Introduction
The definitions of ‘information architecture’ and ‘data architecture’ are, unfortunately, pretty broad. They cover many areas of systems engineering and are applicable across several disciplines, including the design of business processes, user experiences, and software implementations. Every concept you can find in any accepted definition for the terms has value. A practitioner looking to apply them can find a way to tailor each point to their perspective, and whatever implementation they reach can be considered ‘valid’ under the broader umbrella of the terms.

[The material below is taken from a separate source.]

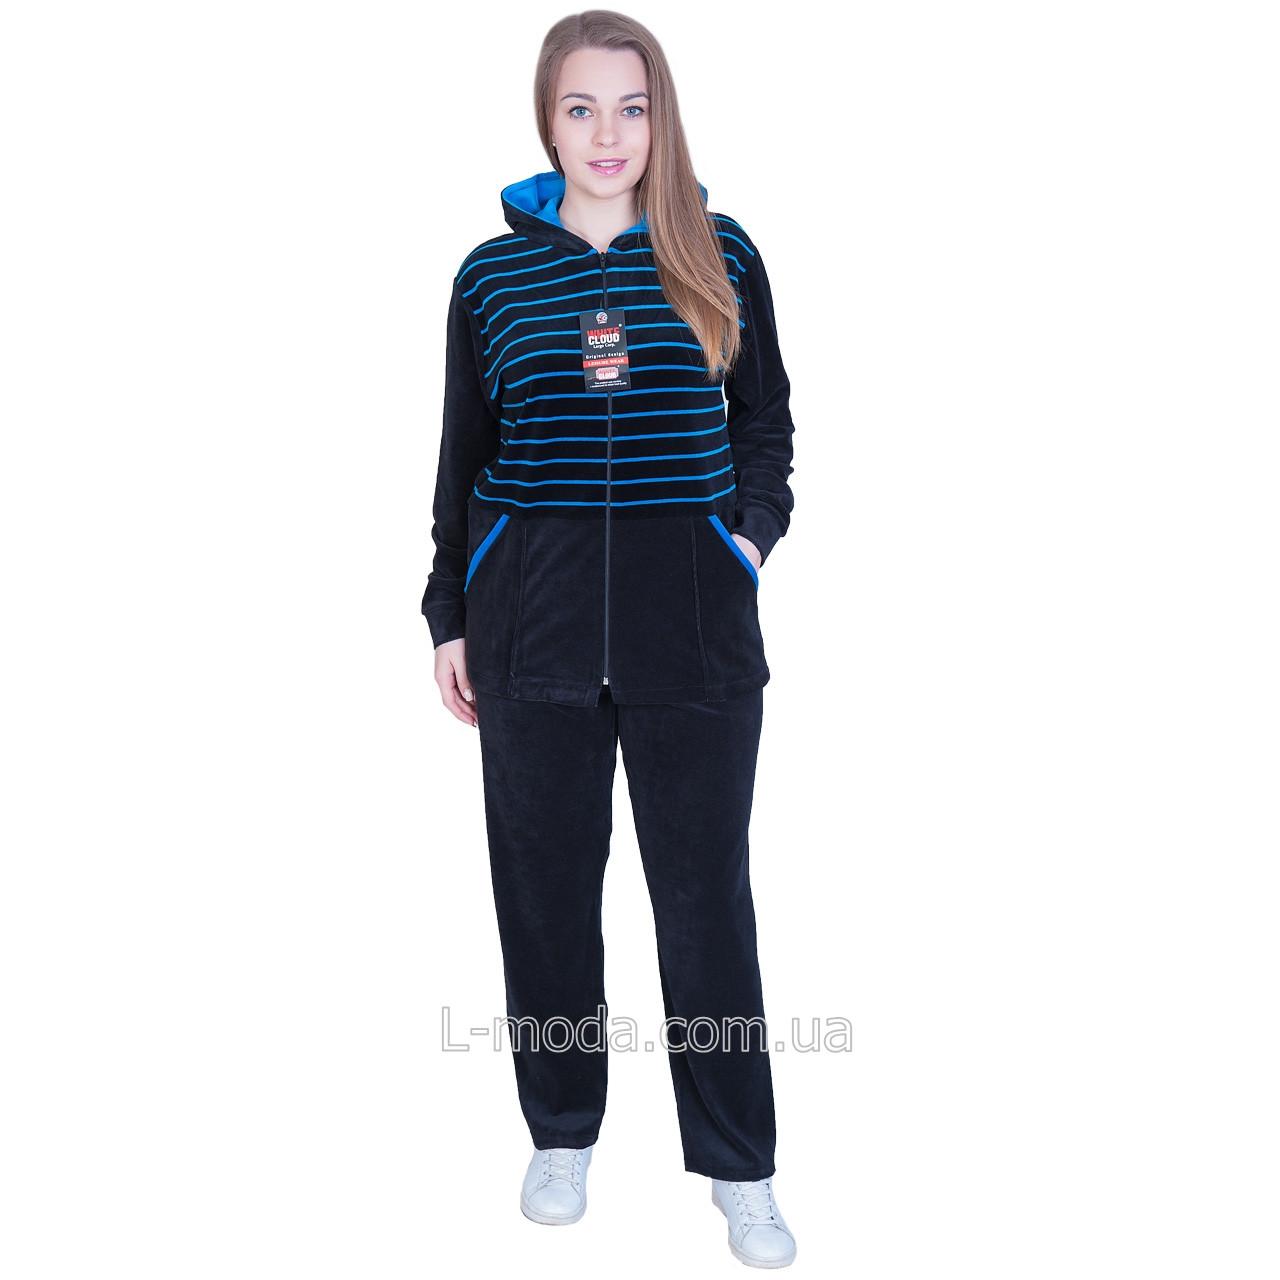 Спортивный костюм женский велюровый с капюшоном темно-синий

I say “unfortunately” as this broad inclusivity means practitioners can easily be turned away by the sheer scale of the definitions. Trying to cover every point and tailor each one for every responsibility would take a lot of time, and the value gained may never be evident, let alone justify the cost. Therefore, many people ignore the complete definitions and focus on specific areas directly applicable to their daily responsibilities, often without even considering that “I am working on the data architecture of my system.”
We’re already doing the work
For product owners, this “implicit information architecture” could mean deciding what the user needs to do within the product and ensuring they have the information they need to perform their task. UX designers may focus on providing users with the most efficient workflow possible when accessing their data and completing their activities. And a software engineer may focus on how the data is stored and retrieved in a performant and robust way to allow the users to perform their activities. These are typical day-to-day responsibilities for each role type. Many undertake these activities without realizing they are valid concepts within the broad information or data architecture umbrella.
So if we’re already doing the work, what’s the problem? Hiding these activities as simple implementation detail tasks behind other “more important” work (feature development) means their output is rarely captured and published, leading to confusion (friction) and repetition (waste). Elevating the importance of data within a system and treating it as a primary concept when considering a product’s value can help to reduce such friction and waste.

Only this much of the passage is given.